DOE NEEDS YOUR U COMMENTS: The Energy Department is putting together a new secretarial determination on the management of federal “excess” uranium stocks, and the 20-day window for public comments opens today. DOE has stocks of uranium in excess of what is currently needed for national security purposes, and since the material is worth quite a bit of cash, the agency barters it for services such as the cleanup work at shuttered uranium processing plants. But there are limits on such arrangements. Mainly, the exchanges should “not have an adverse material impact on the domestic uranium mining, conversion or enrichment industry.” The deals that DOE is trying to cut will release up to 17 percent of U.S. uranium and conversion needs over the next ten years. DOE has already collected comments from across the nuclear industry. The Federal Register notice: http://1.usa.gov/19x1Y4t

CENTRUS’ NEW TOP LOBBYIST: Jim Howe has been promoted to vice president of government relations for Centrus Energy Corp., taking over for John Neumann, who left earlier this month. Howe will spearhead Centrus’ advocacy efforts with Congress, the administration and state governments.

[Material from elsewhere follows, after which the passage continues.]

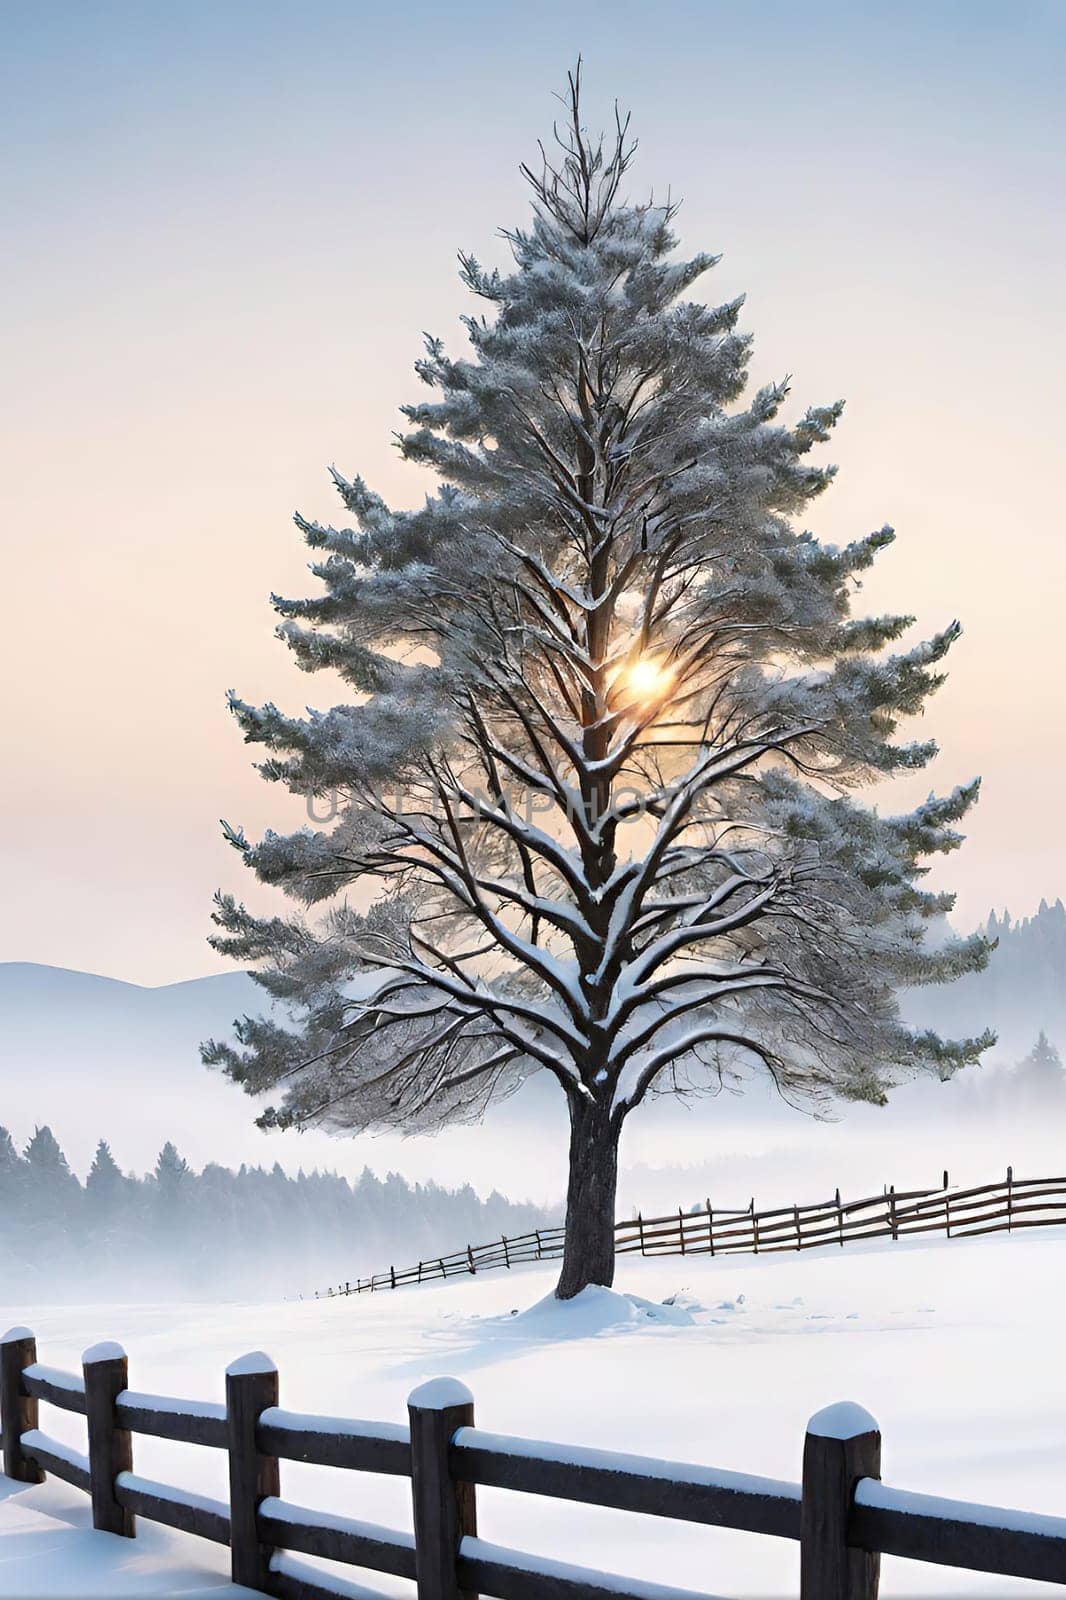 Beautiful winter landscape with frozen tree.Beautiful winter landscape with snow covered tree.Winter landscape with lonely tree.Frosted tree on a hillside in the winter season.

He joined Centrus in July 2010 as the company’s government relations director after moving from the Department of Homeland Security, where he was deputy assistant secretary for legislative affairs, and the U.S. Coast Guard before that. (h/t POLITICO Influence)

THE STARS AT NIGHT ARE BIG AND BRIGHT: Solar developer SunEdison will announce today a deal to build solar farms totaling 150 megawatts of capacity in west Texas to provide power to some 45,000 customers in the Williamson County city of Georgetown. With a power purchase agreement that is one of the largest solar agreements in Texas’s ERCOT grid, the plants are projected to be connected by 2016 and could provide 9,500 gigawatt-hours of electricity through 2041, according to SunEdison, which is both building and financing the project. Interim city manager Jim Briggs said in a statement that the deal makes Georgetown Utility Systems one of the biggest municipal utilities in the U.S. “to be 100% renewable powered.” SunEdison says it will create nearly 800 jobs during construction.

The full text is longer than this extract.